Links containing an ampersand

Author Message
Daniel Lacroix 06/21/2004 08:02 am
Did you know that links within a page which had "&" in them, are being stripped to only a "&".

Since I am using your software for validating our pages, these pages no longer validates...

Daniel.
Oleg Chernavin 06/21/2004 08:08 am
Daniel,

Can you tell me few examples of such links? In most links these &-amp; combinations should be converted to & symbols. Perhaps there are some rare examples where this conversion should not be done.

Thank you!

Best regards,
Oleg Chernavin
MP Staff
Daniel Lacroix 06/21/2004 08:36 am
Oleg,
I am talking of any link passing more than one parameter. We are coding them with &-amp; for page validation purposes.
Here is an example: http://www.cio-dpi.gc.ca/cio-dpi/index_e.asp.

When this page is downloaded the &-amp; in links are being replace with &, which no longer validates.

Daniel.
Oleg Chernavin 06/21/2004 10:03 am
I just loaded that page with its links. The two links under "Find Information" contain & symbols. After downloading the site the &-amp; symbols were converted to & symbols in the links, but they work well offline when I am browsing them offline within Offline Explorer and directly from disk.
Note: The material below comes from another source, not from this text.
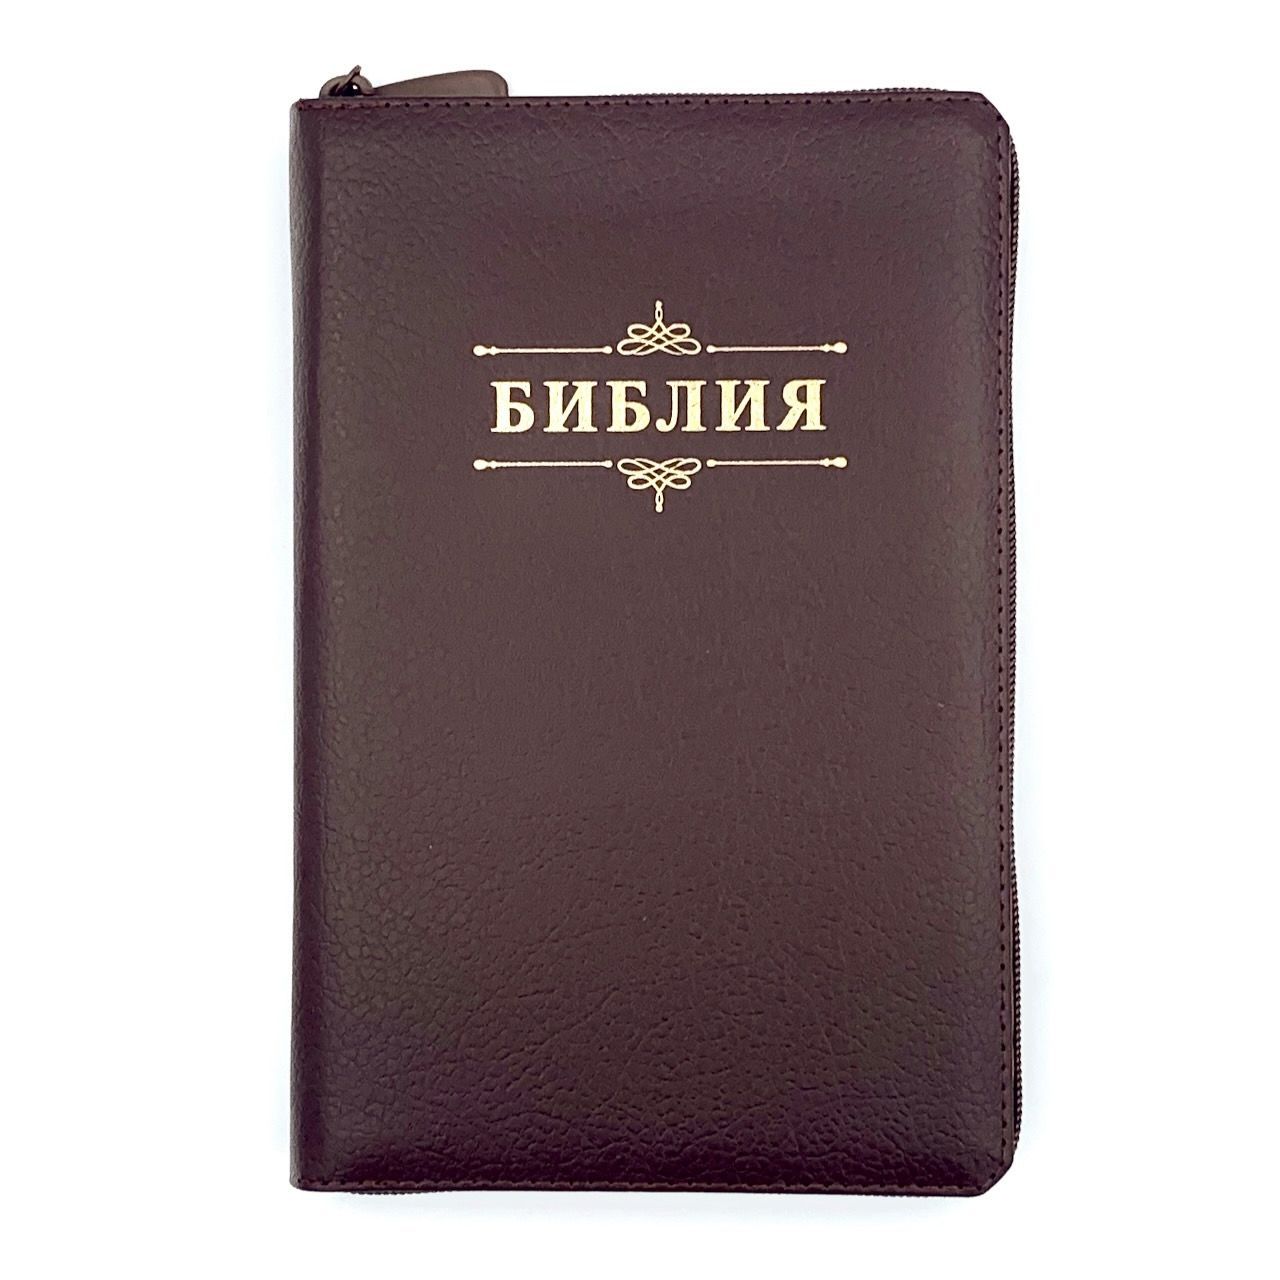 Библия 055z код 23055-25 надпись "Библия с венземлем", кожаный переплет на молнии, цвет коричневый пятнистый, средний формат, 143*220 м

Can you tell me, what kind of problem do you experience?

Oleg.
Daniel Lacroix 06/21/2004 10:43 am
Oleg,
I am running page validation in batch mode on the files downloaded with OEP.

Looking at the page source, the &-amp; are converted to an &, in links with multiple parameters, on the pages downloaded with OEP.

I am wondering, if the original page source had links coded with &-amp;, can the downloaded page source of OEP have them?

Daniel.
Oleg Chernavin 06/22/2004 07:31 am
I see. Is it urgent for you to have this corrected? Would a month be too long?

Oleg.
Daniel Lacroix 06/22/2004 04:03 pm
Great.
I can wait a month.

In the meantime, I have look at a previous web site download and notice OEP use to put the &-amp; in links. Something must have change with the newer releases.

Daniel.
Oleg Chernavin 06/23/2004 02:08 am
Thank you! I am travelling now. I will return from my trip two weeks later and I will work on it. I will E-mail you directly once I have results.

Oleg.
Daniel Lacroix 08/19/2004 03:21 pm
Oleg,

Is this request still on your todo list?

Thanks.

Daniel.
Oleg Chernavin 08/20/2004 08:21 am
Daniel,

I reviewed the source code related to the links change when translating them offline. It looks like it will be quite hard to make &-amp; symbols preserved. At least, in the cases when some symbols in URLs are & and others - &-amp;.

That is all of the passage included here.